What to work on:
Each line of the data that includes "Image" must be copied.

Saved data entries
──────

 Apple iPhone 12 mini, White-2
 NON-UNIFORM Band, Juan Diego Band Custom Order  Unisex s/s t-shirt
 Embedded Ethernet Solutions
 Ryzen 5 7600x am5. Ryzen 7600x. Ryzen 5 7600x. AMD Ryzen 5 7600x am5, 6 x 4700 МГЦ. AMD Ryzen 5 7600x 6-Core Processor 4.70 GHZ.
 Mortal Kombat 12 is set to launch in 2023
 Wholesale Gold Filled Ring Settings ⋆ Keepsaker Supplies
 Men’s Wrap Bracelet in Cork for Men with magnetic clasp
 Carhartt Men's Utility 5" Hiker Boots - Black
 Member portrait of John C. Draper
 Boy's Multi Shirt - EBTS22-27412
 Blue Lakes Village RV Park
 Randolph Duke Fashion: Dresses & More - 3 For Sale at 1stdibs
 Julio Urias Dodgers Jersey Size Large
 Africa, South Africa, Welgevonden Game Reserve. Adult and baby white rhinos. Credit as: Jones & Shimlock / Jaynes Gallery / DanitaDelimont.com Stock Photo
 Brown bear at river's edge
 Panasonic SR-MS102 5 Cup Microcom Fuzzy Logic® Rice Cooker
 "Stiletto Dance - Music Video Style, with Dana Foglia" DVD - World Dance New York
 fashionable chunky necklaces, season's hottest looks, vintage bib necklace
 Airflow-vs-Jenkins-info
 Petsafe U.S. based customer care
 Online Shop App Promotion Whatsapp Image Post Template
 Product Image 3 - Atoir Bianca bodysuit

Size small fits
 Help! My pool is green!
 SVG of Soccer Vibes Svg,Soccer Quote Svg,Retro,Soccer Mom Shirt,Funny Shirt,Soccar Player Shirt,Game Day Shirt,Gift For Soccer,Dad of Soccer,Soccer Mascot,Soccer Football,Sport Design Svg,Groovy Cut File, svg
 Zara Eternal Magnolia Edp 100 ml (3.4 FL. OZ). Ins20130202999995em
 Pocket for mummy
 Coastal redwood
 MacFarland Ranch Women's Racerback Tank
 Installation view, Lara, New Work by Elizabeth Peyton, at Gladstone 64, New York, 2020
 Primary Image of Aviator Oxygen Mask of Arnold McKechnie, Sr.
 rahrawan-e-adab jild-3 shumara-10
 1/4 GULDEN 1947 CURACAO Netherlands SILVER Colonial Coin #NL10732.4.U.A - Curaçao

──────

Answer to the problem:
 Online Shop App Promotion Whatsapp Image Post Template
 Product Image 3 - Atoir Bianca bodysuit
 Primary Image of Aviator Oxygen Mask of Arnold McKechnie, Sr.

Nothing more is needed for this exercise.